I found myself looking over the lab tests and the results as if they would determine not only my physical ability to do this, but also my ability to embrace the role of motherhood without losing my butch self in the process. This whole process has felt a lot like I’m being graded on how good of a woman I’m capable of being. I often found myself questioning if I deserved this after denying this part of identity for so long. Along with this, I found my self wondering if my physical safety and the safety of my unborn child would be threatened by holding onto my butch lesbian appearance through pregnancy. Should I grow out my hair? What will I wear? Will I get stares like I am a side show at the circus?
This also brought up some religious injunction. Will this thing that I desire, and have very little control over, not be given to me because of my lifestyle? Was I not deemed worthy of a child or family because of my queer identity? Will God not grant me this desire because I’m homosexual? All the years spent in church being told that homosexuality is wrong have come rushing back.
All of us in this little queer family have been raised with religious backgrounds. We all believe in religious theory, doctrine or a higher power in some capacity, and desire to share with our child.

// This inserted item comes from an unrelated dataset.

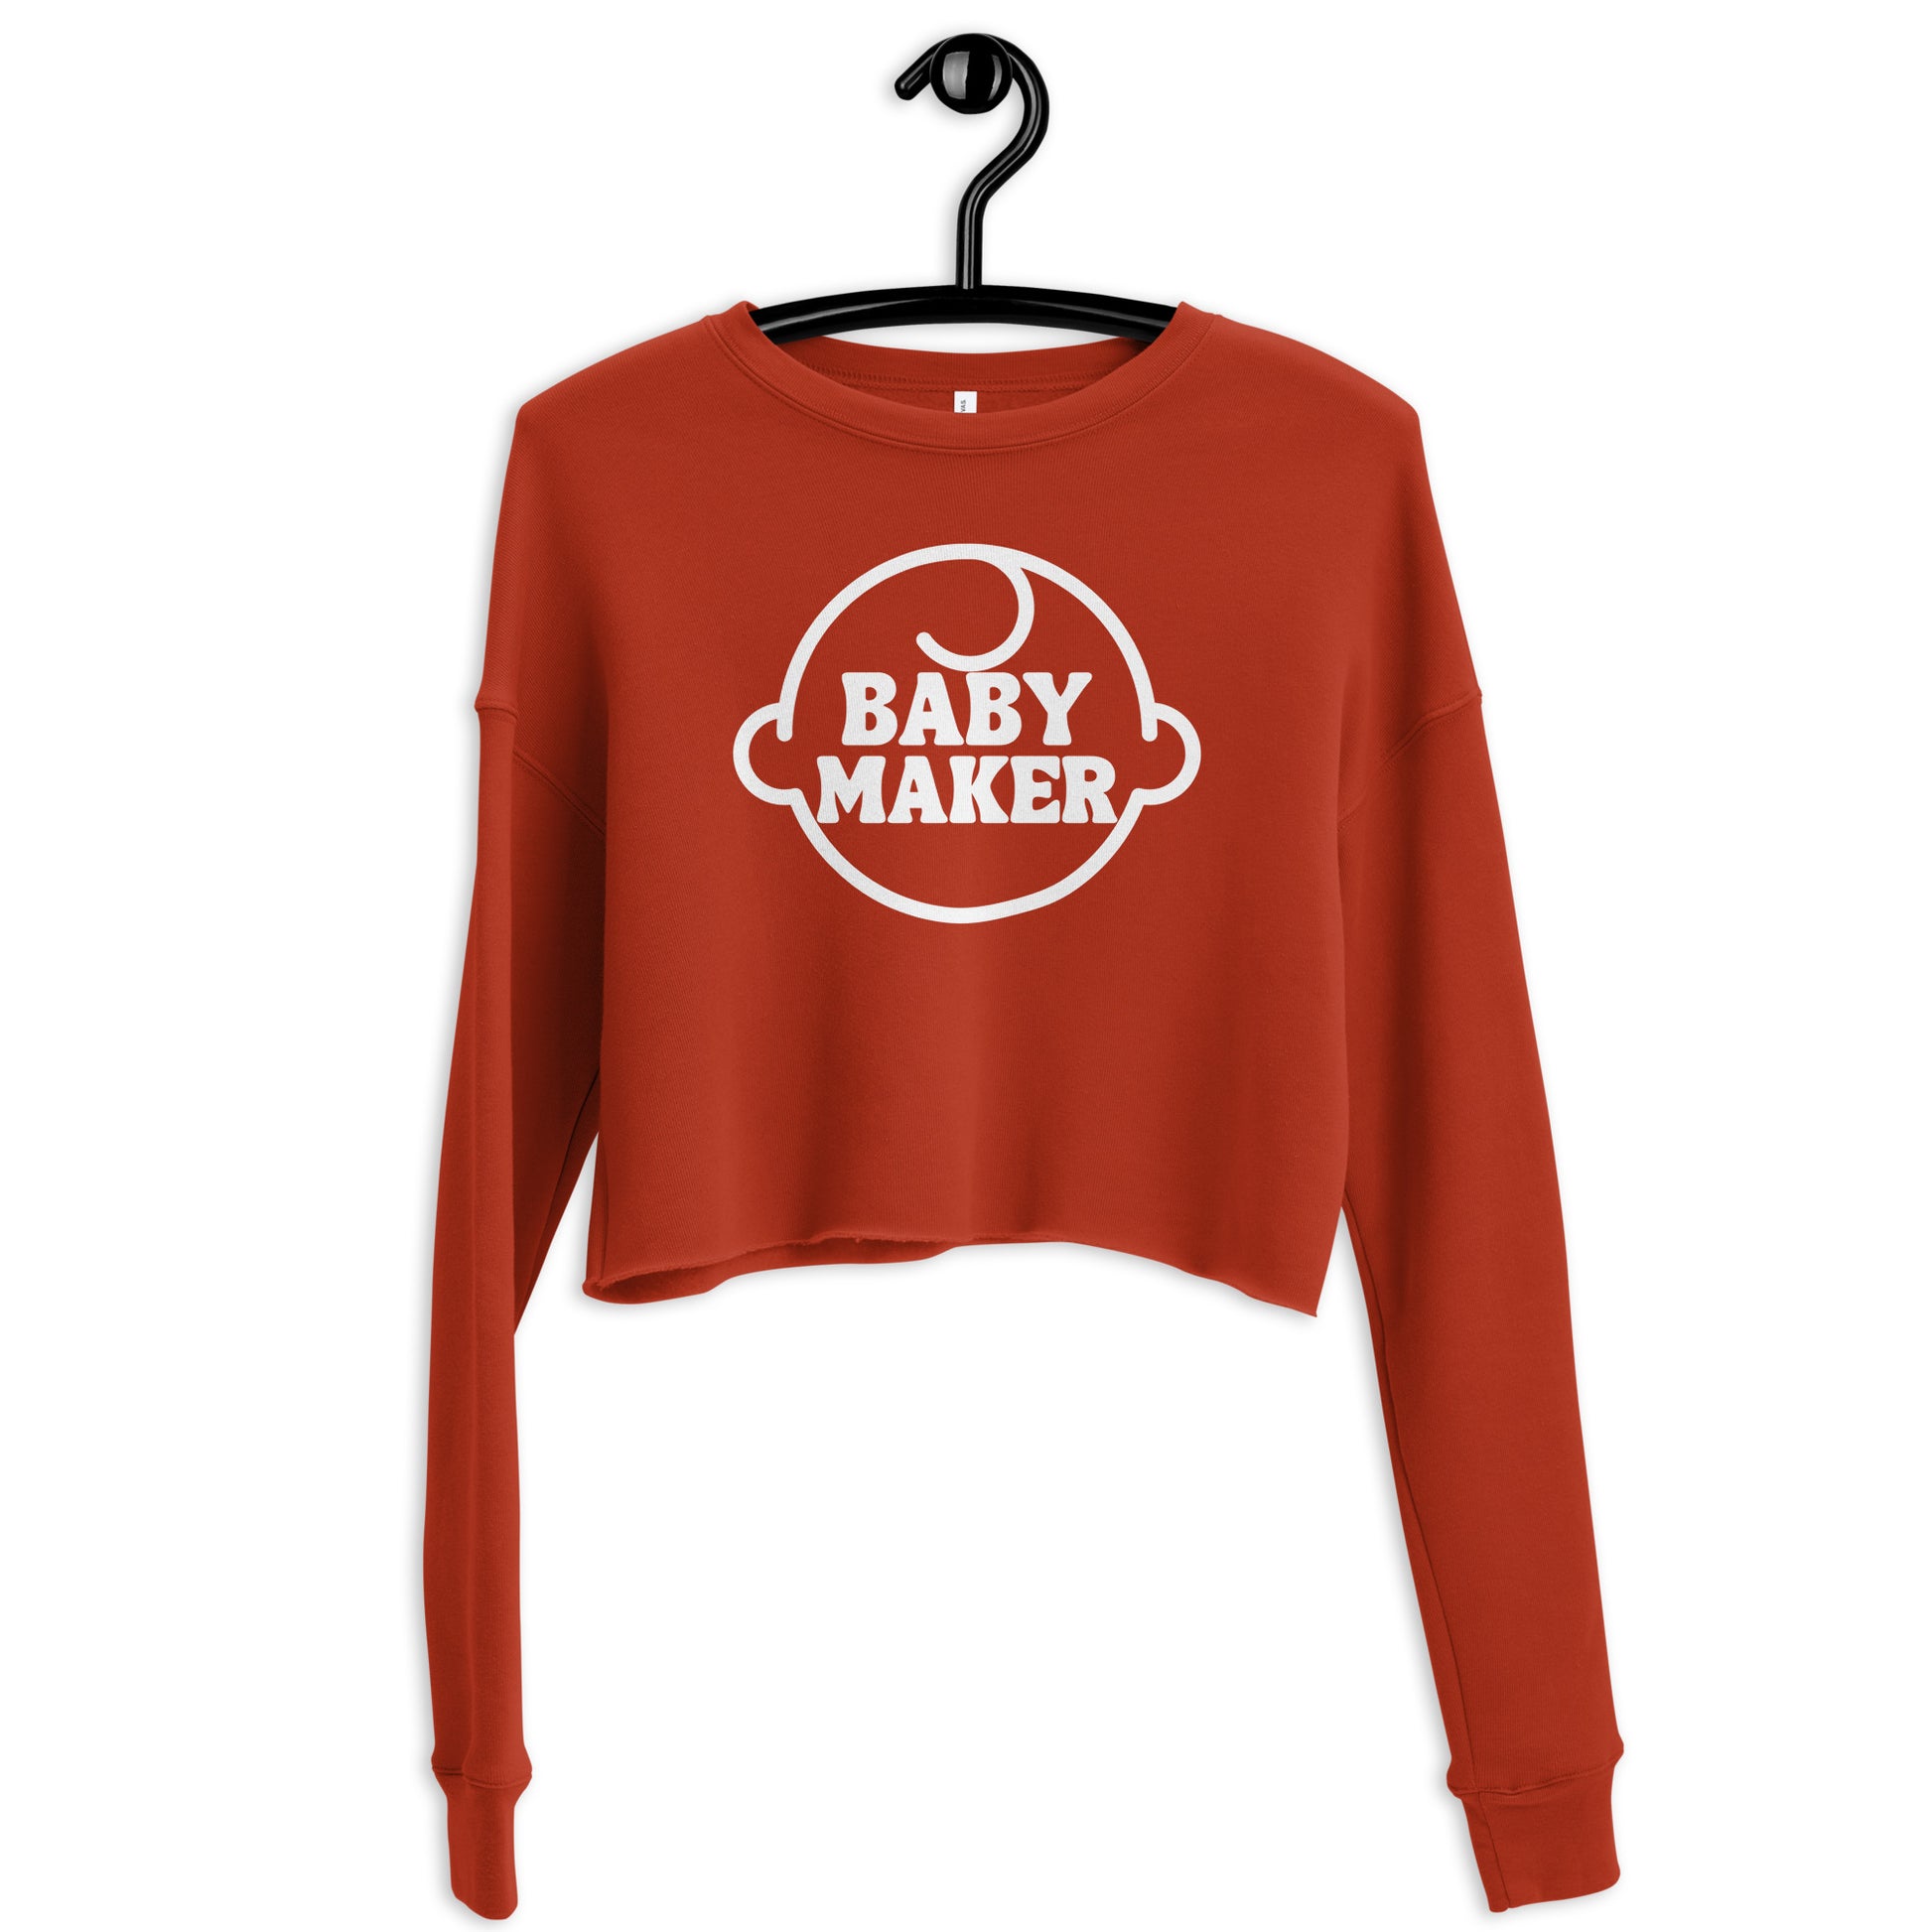 Baby Maker Cropped Sweatshirt in Brick

Jimmy is very active in his Methodist church, singing in the choir and serving on the board of trusties. We plan to have the child baptized in his church as we honor that importance to him as well as Marina and I see value in that exposure and knowledge for the child.
Yet intertwined with all this is a lot of pain that is experienced within the queer community and how it intersects with organized religion. I myself have been told my relationships aren’t equal to that of a man and woman in a marriage with Jesus.
Now I question, will God punish me for my lifestyle as a butch lesbian and not give me the gift of bearing a child? Will this child, who is surrounded by family and the love of a village, feel like an abomination in a religious community? Can we protect this child from the shame religion has made us all feel about ourselves while honoring that there is something bigger than self in the universe?